# HELP with Etisalat please



## canadianexp (May 31, 2013)

Hello,

I've just moved into a townhouse in Al Hamra Village (RAK) and signed up for Elife with Etisalat last week. I got a call today that there was a problem with connecting and that they weren't able to do it yet. I was also told that the man that might be able to fix it is on emergency leave. 

I am starting to panic as I have signed a 1 year contract and am now worried that I won't be able to get internet, tv or phone. I know for a fact that other people in the area have this service so I have a bit of hope. 

Can anyone give me any advice as to if you think I will be able to get the services I have subscribed to? And if not, what should I do?

Thanks!!!!!!!


----------



## canadianexp (May 31, 2013)

Please help me!


----------



## dzey (Feb 3, 2013)

canadianexp said:


> I was also told that the man that might be able to fix it is on emergency leave.

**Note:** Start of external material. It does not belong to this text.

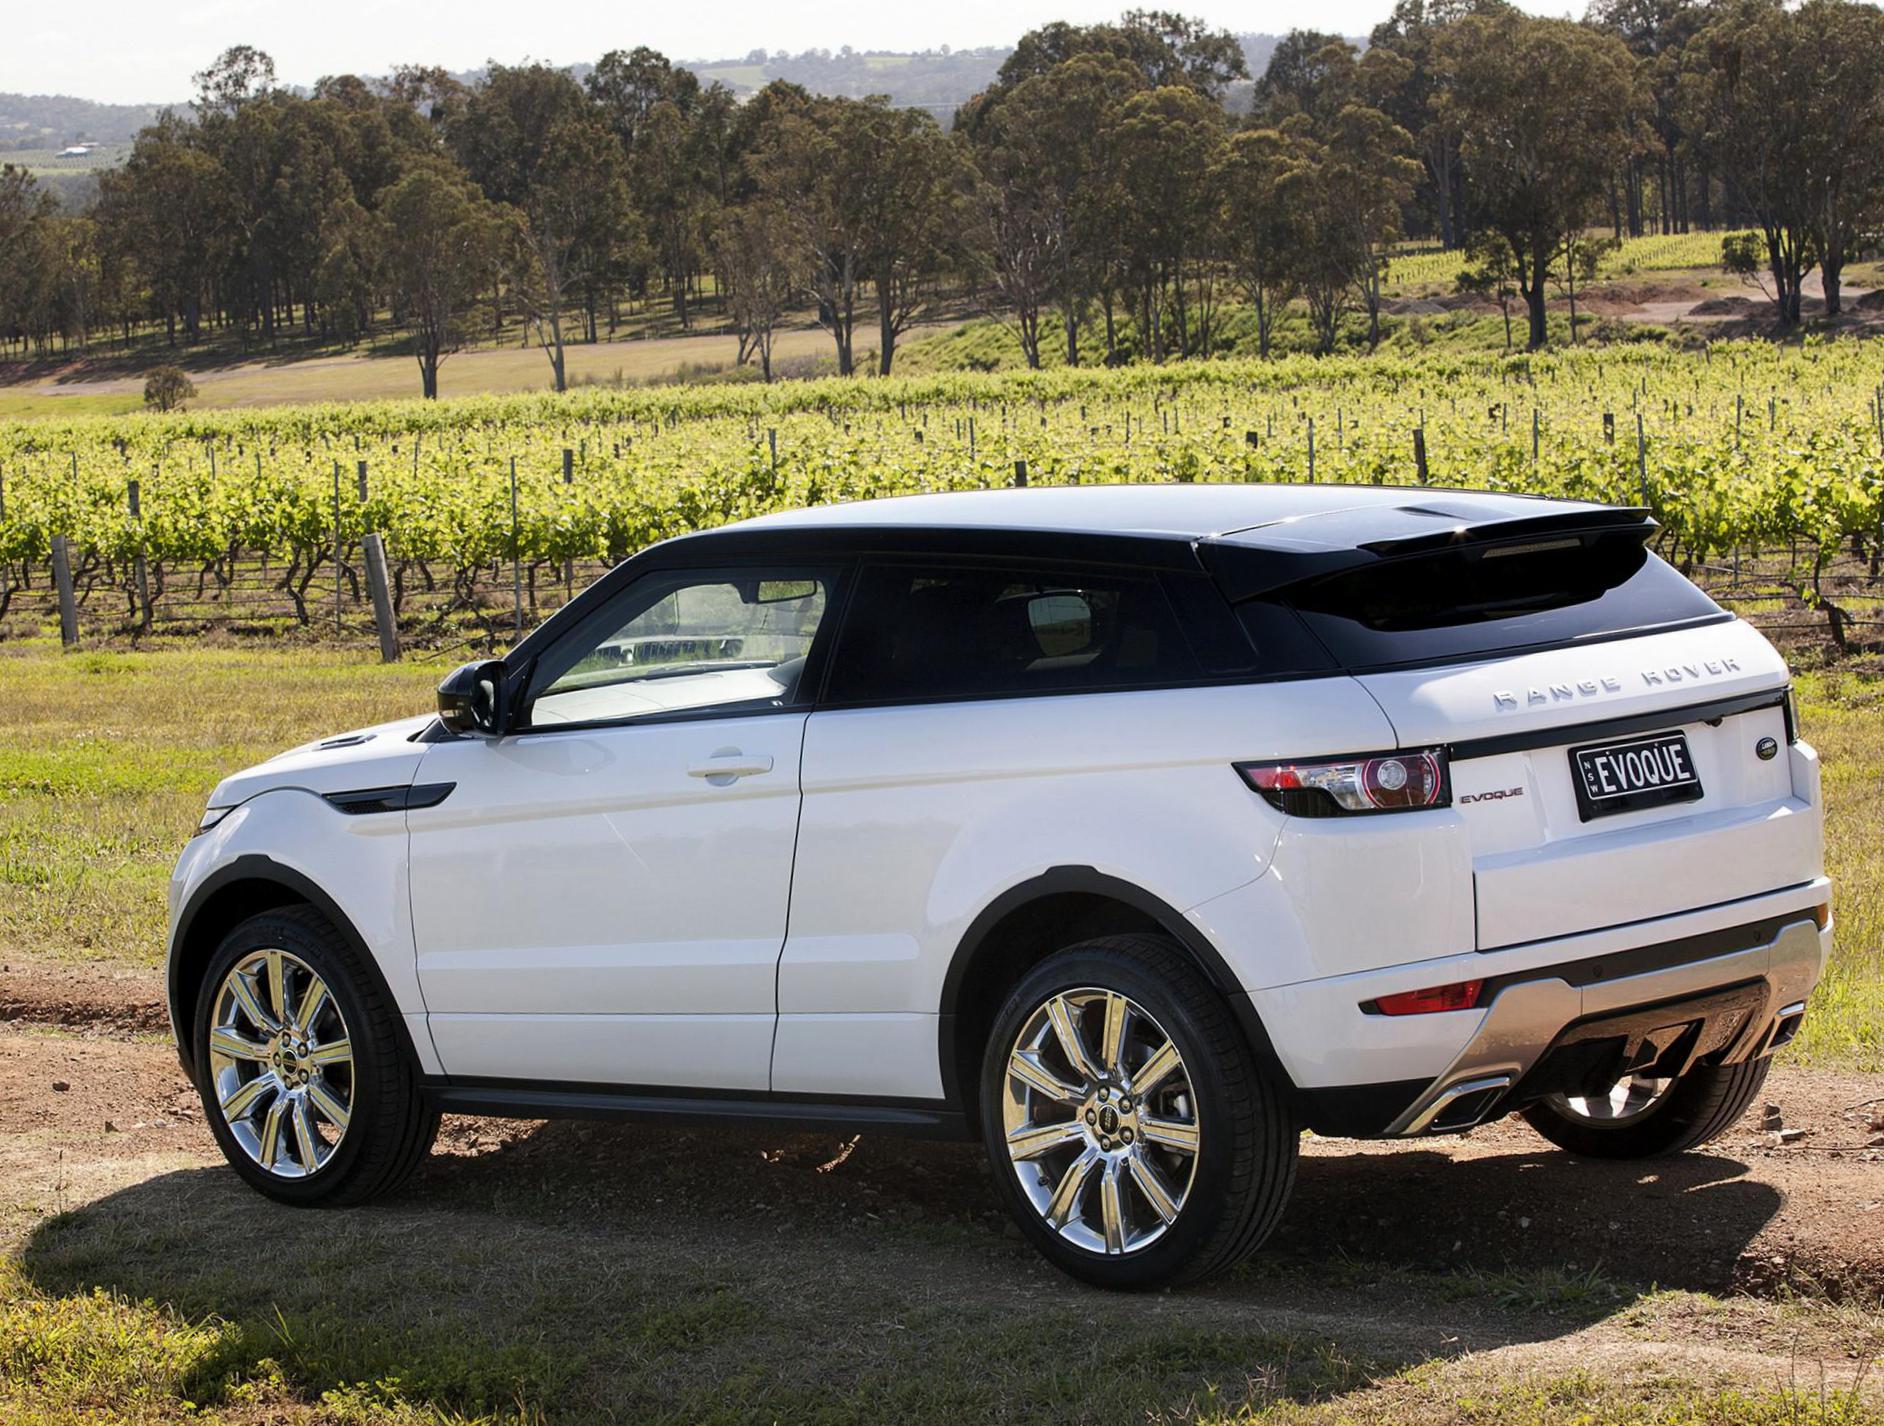 Range Rover Evoque Coupe Land Rover models sedan

i don't really understand what's all the fuss about? they've told you that you will get your services as soon as the field engineer comes back from emergency leave - so..?


----------



## canadianexp (May 31, 2013)

The issue is that I have not been told that they will be able to fix it but that they "might" be able to fix it. I would LOVE to be overreacting about this and really hope that I am. My issue is what if they can't fix it and really is that something that might occur?


----------



## Deefor (May 29, 2011)

Once E get round to fixing something one of two things usually happens: It works first time (sorry, don't laugh, it has happened); More commonly it takes a few appointments that they don't make, several visits, a lot of phone calls and a few hours off your life expectancy. In fairness they do usually get things working. Eventually. Good luck....


----------



## Mubeen89 (Jun 2, 2013)

Don't worry about it. I have had my fair share of such scares from Etisalat but eventually they do live up to their commitments. Just try and keep in constant touch with them guys at Etisalat and your issue should be sorted soon.


----------



## cornejooste (Jun 19, 2013)

canadianexp said:


> Hello,
> 
> I've just moved into a townhouse in Al Hamra Village (RAK) and signed up for Elife with Etisalat last week. I got a call today that there was a problem with connecting and that they weren't able to do it yet. I was also told that the man that might be able to fix it is on emergency leave.
> 
> ...


Hi Canadianexp,
I also had my fair share of struggles with Etisalat.
I would suggest that you get the 4G USB Internet meanwhile.
Very convenient.


----------



## rednelly84 (Jul 4, 2010)

Sounds all rather normal! I can't get etisalat connected to my new apartment yet and move tomorrow...am I panicking? No. Inshallah.


----------